*Problem requirements:*
Your copy runs from the line containing "Masło extra osełka" through the last line of the listing, both included. Restate those lines word for word and leave out pictures.

*Dataset section:*
#####

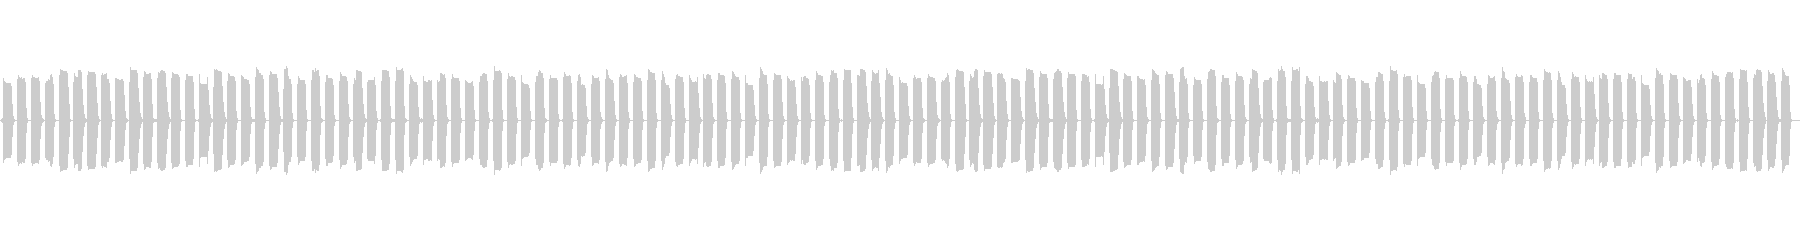 【効果音】宇宙との交信(ピコピコ電子音)の未再生の波形
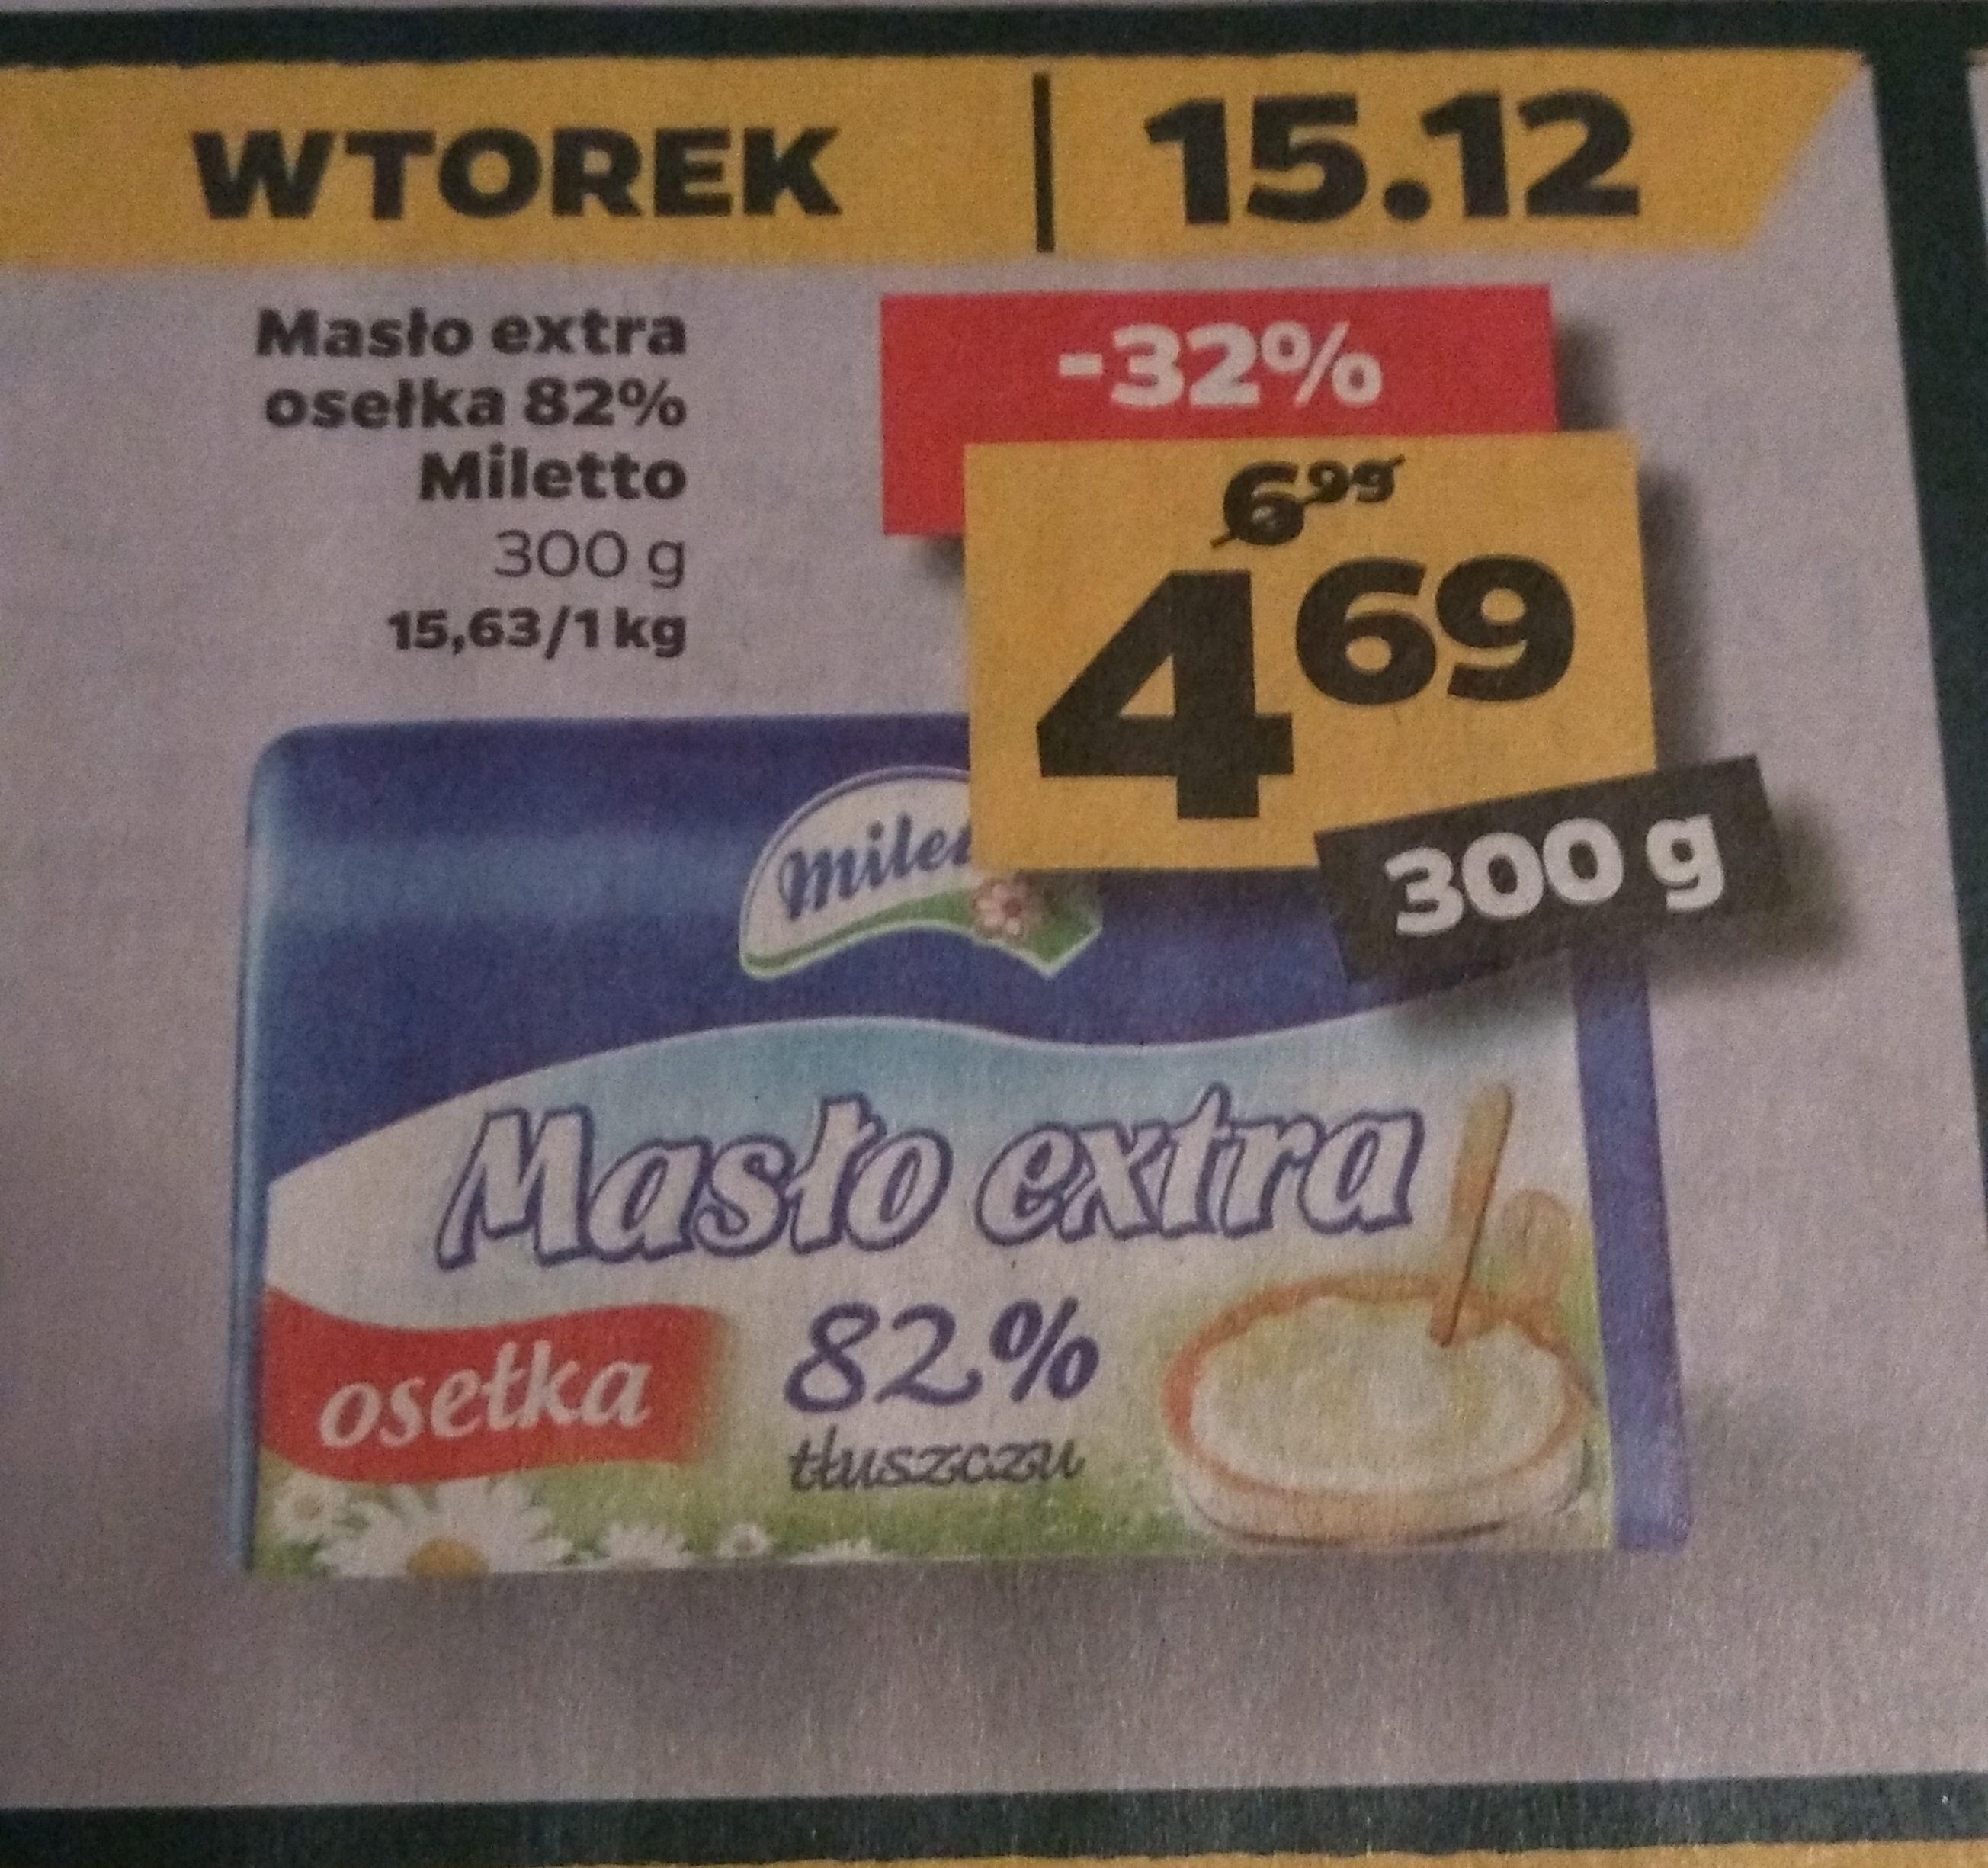 Masło extra osełka 300g (za 200g 3.13) w Netto
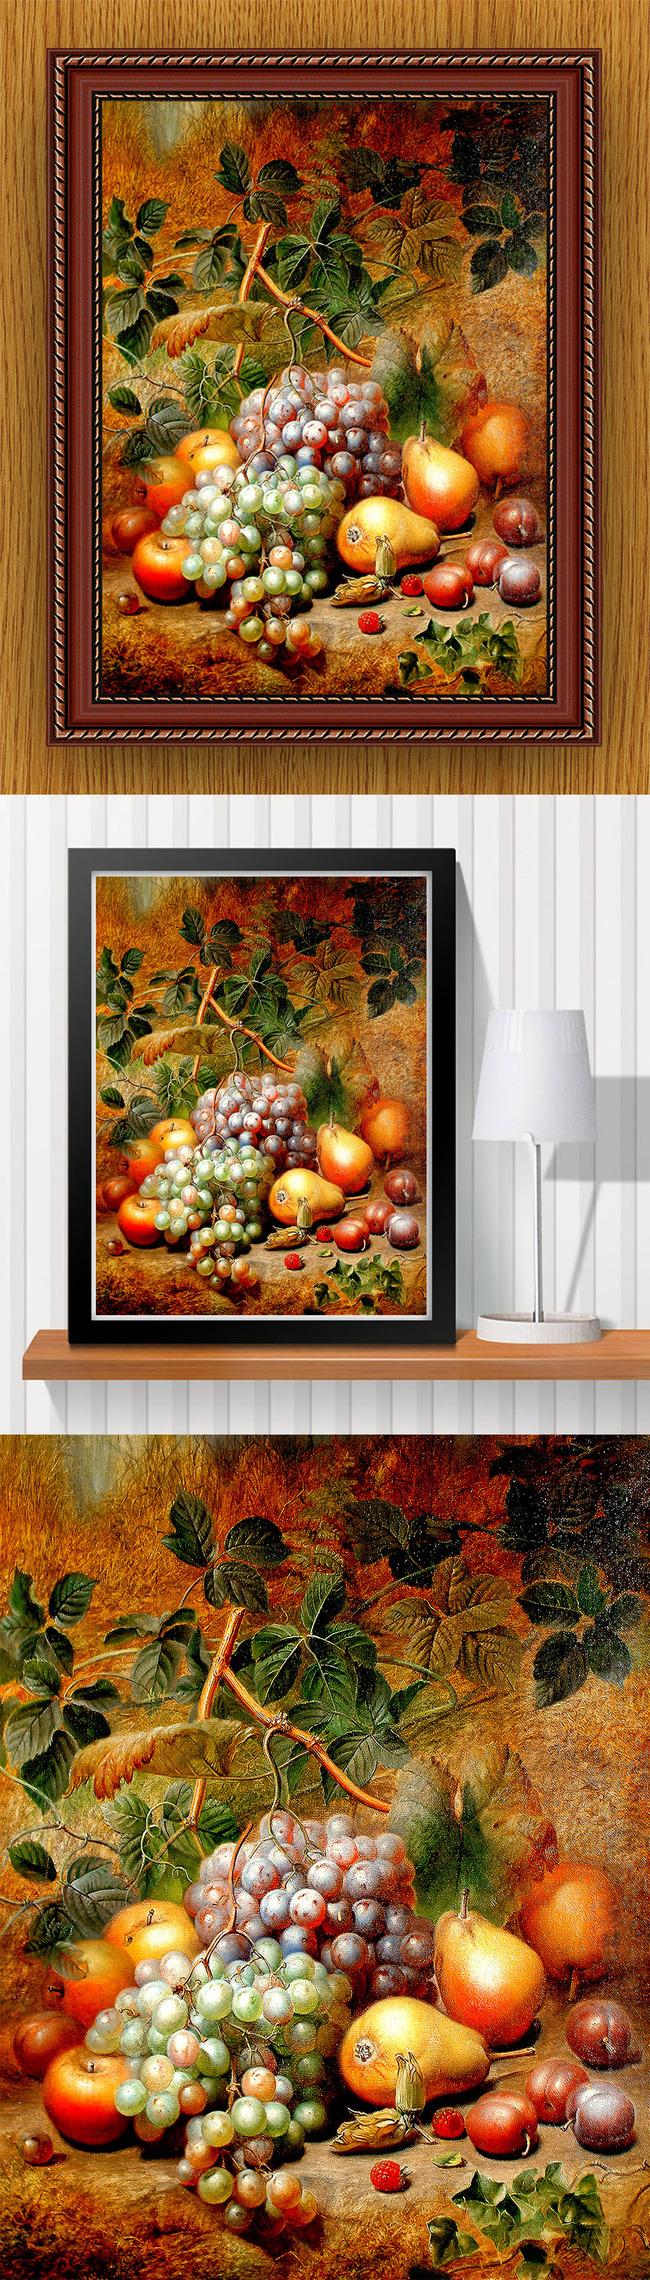 高清手绘欧式古典写实风格竖版水果油画

#####

*Exercise output:*
 Masło extra osełka 300g (za 200g 3.13) w Netto
 高清手绘欧式古典写实风格竖版水果油画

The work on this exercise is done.